All stocks in this comparison pay dividends.

Pembina Pipeline Corporation (PBA) offers the highest yield at 4. 5%, versus 0. 8% for Montrose Environmental Group, Inc. (MEG).

09

Is VET or BTE or CVE or MEG or PBA better for a retirement portfolio?

For long-horizon retirement investors, Vermilion Energy Inc.

(VET) is the stronger choice — it scores higher on the combination of lower volatility, dividend reliability, and long-term compounding (low volatility (β -0. 18), 4. 1% yield). Montrose Environmental Group, Inc. (MEG) carries a higher beta of 1. 66 — meaning larger drawdowns in market downturns, which matters significantly when you cannot wait years for a recovery. Both have compounded well over 10 years (VET: -39. 7%, MEG: -30. 1%), confirming both are viable long-term holds — but the lower-volatility option typically results in less emotional selling during corrections.

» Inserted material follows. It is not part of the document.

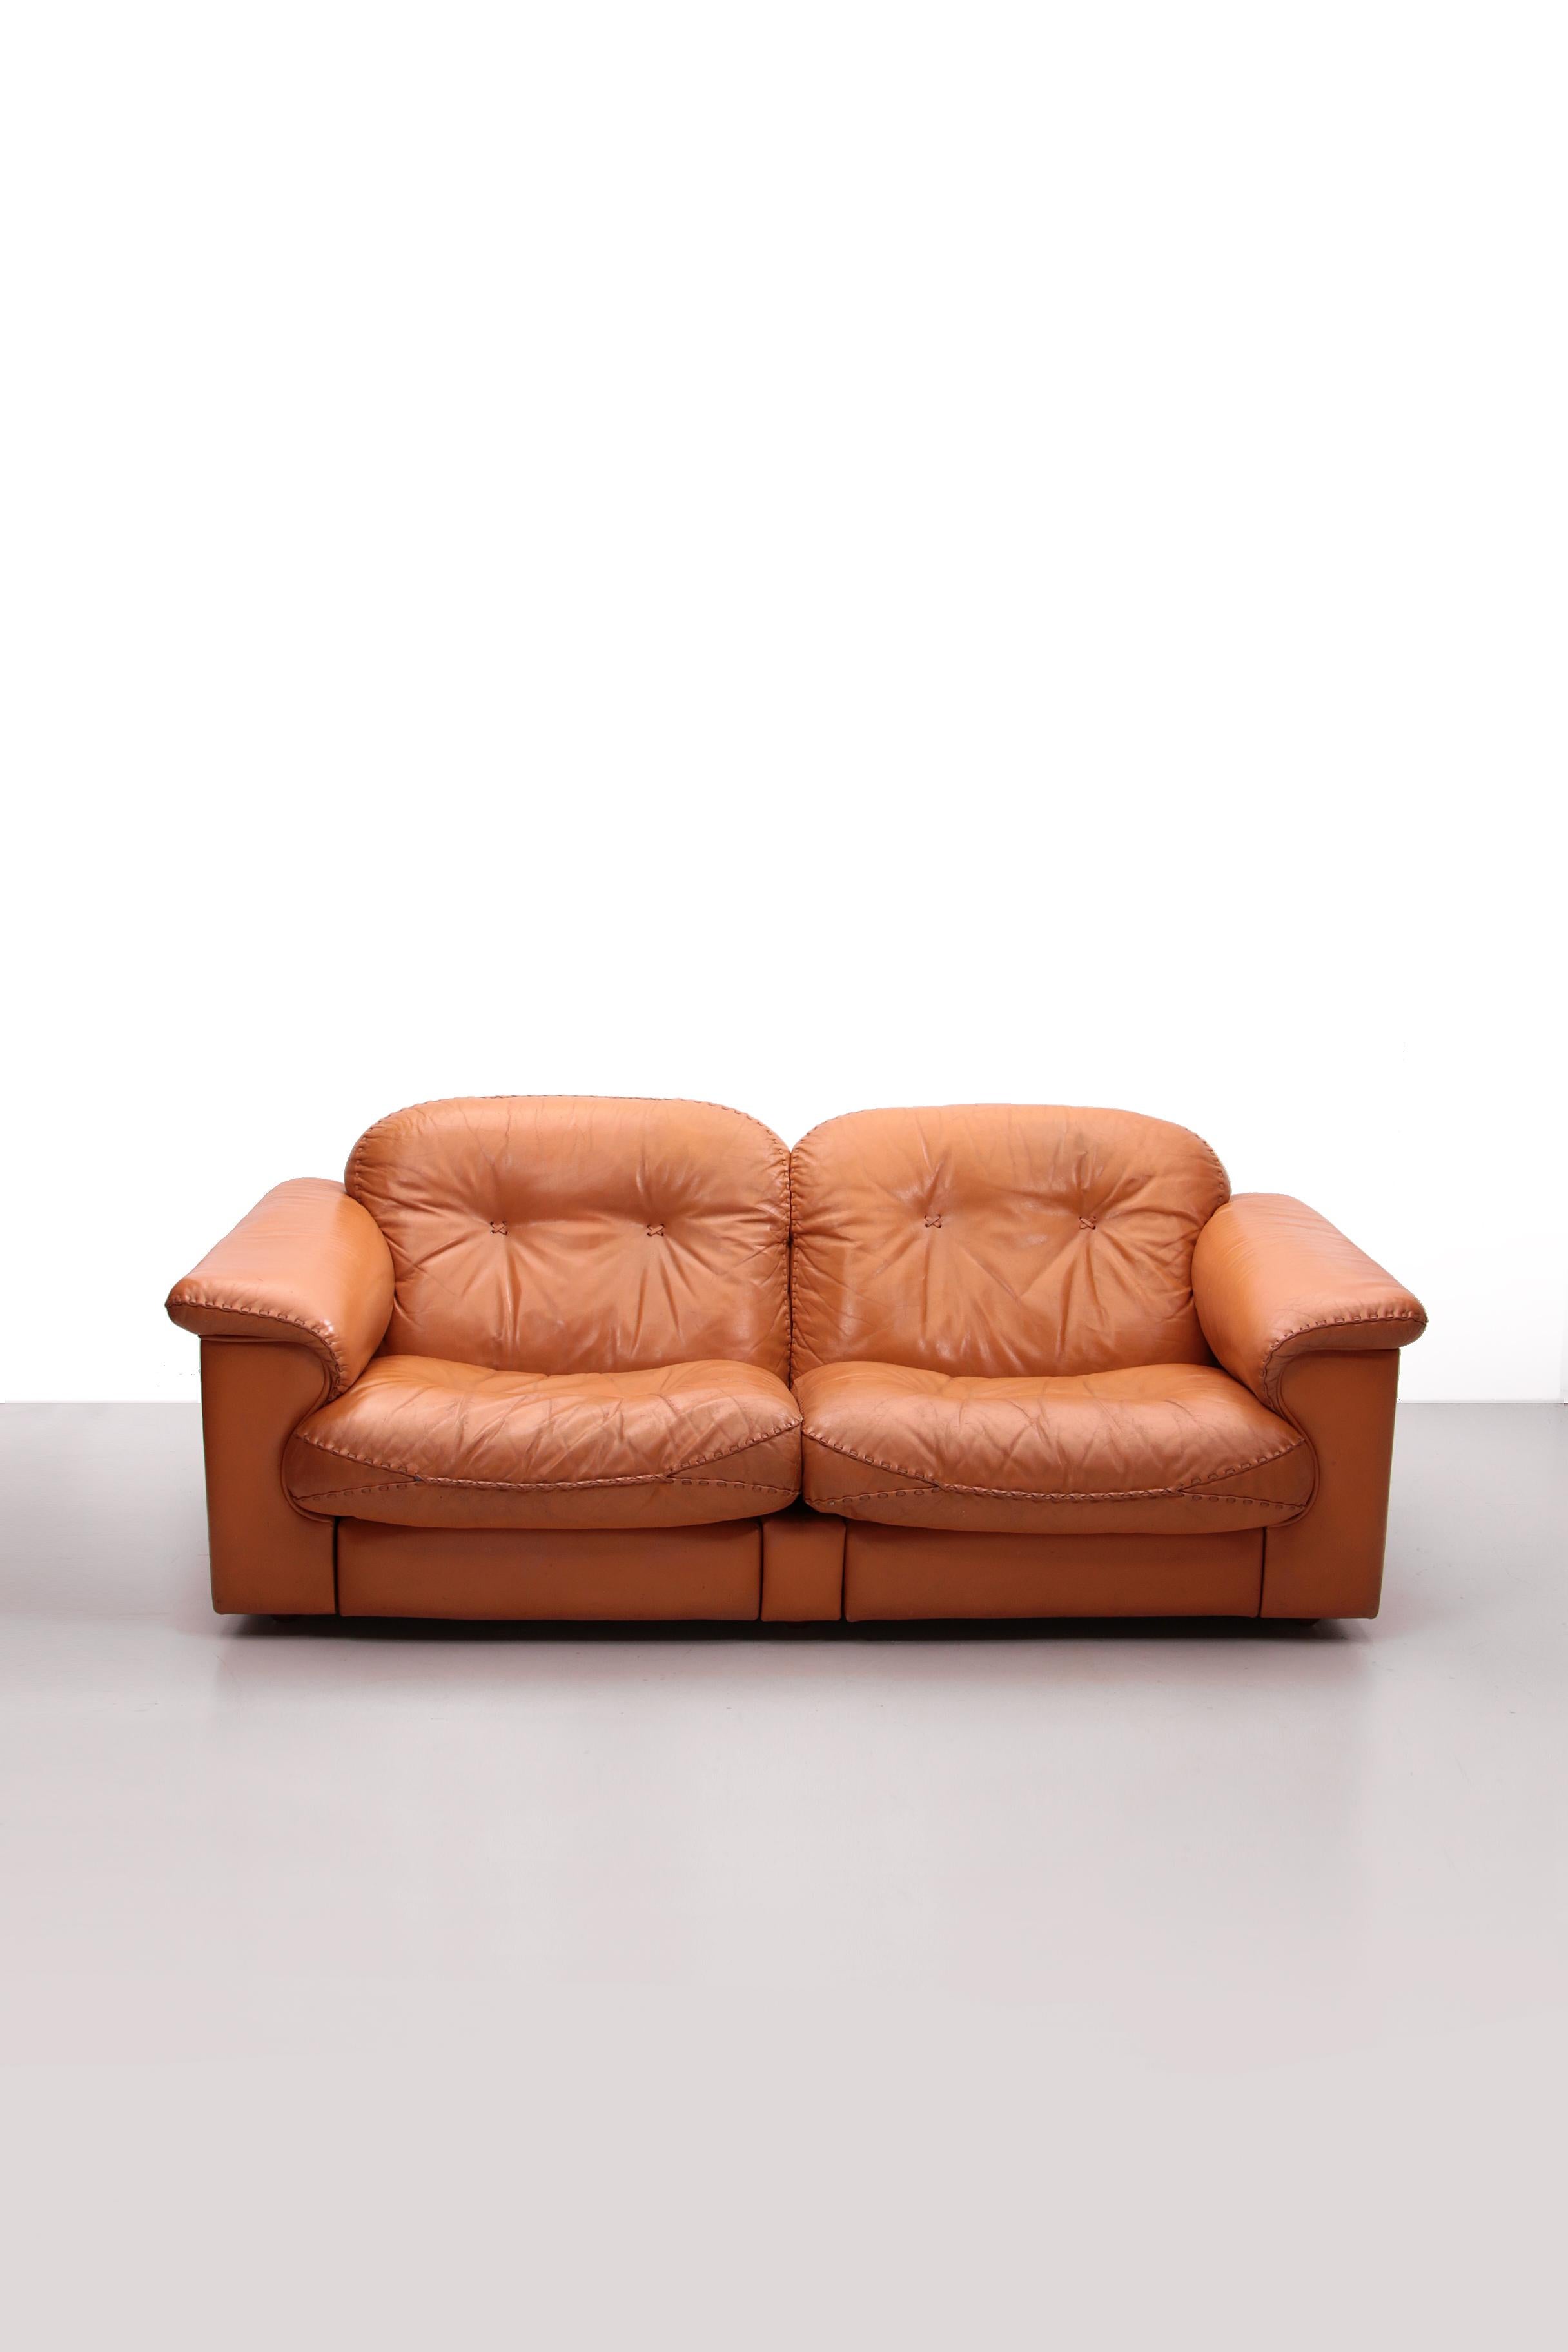 Scandinavian Modern De Sede DS101 Two Seater Leather and Gognac Color, 1970 For Sale
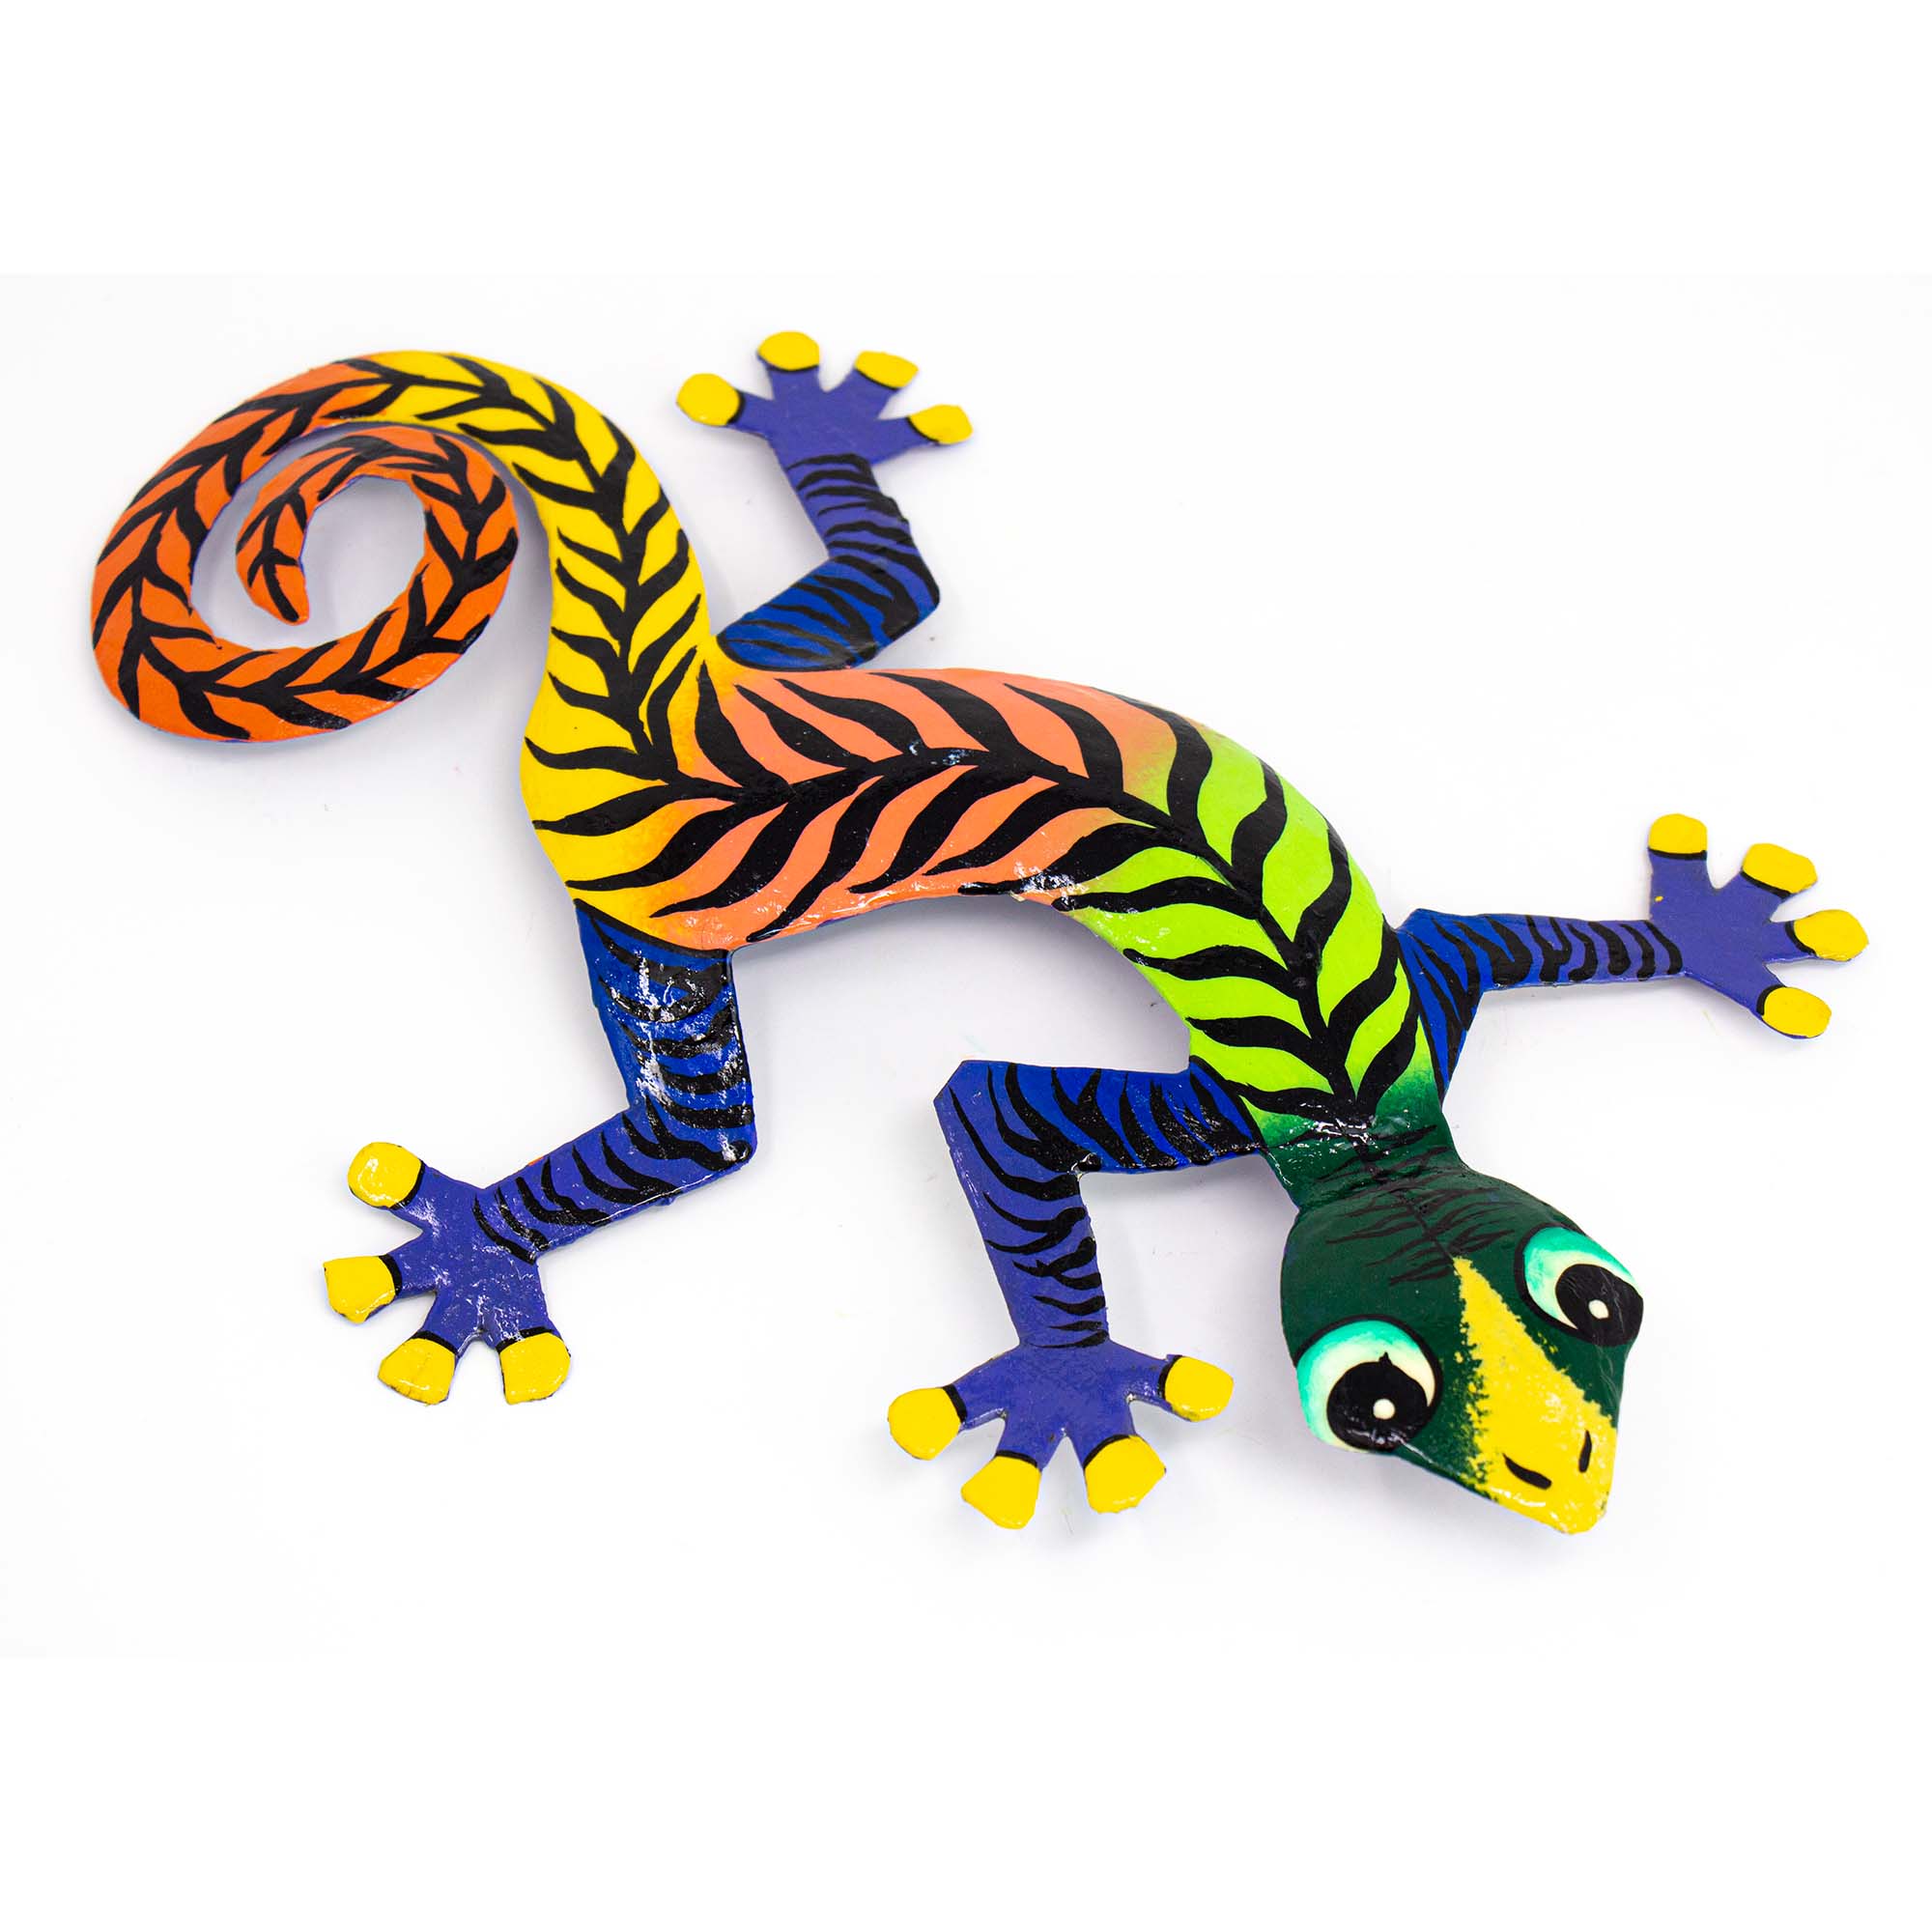 Colorful Gecko Haitian Steel Drum Wall Art, 13 inch Black Stipes Global  Crafts Wholesale

Retirement portfolios generally favour predictability over maximum returns. Consult a financial advisor before making allocation decisions.

10

What are the main differences between VET and BTE and CVE and MEG and PBA?

These companies operate in different sectors (VET (Energy) and BTE (Energy) and CVE (Energy) and MEG (Industrials) and PBA (Energy)), which means they face different economic cycles, regulatory environments, and macro sensitivities — making direct comparison nuanced.

In terms of investment character: VET is a small-cap income-oriented stock; BTE is a small-cap quality compounder stock; CVE is a mid-cap quality compounder stock; MEG is a small-cap high-growth stock; PBA is a mid-cap income-oriented stock. These fundamental differences mean investors should not choose between them on a single metric — the "better stock" depends entirely on which of these characteristics aligns with your investment strategy.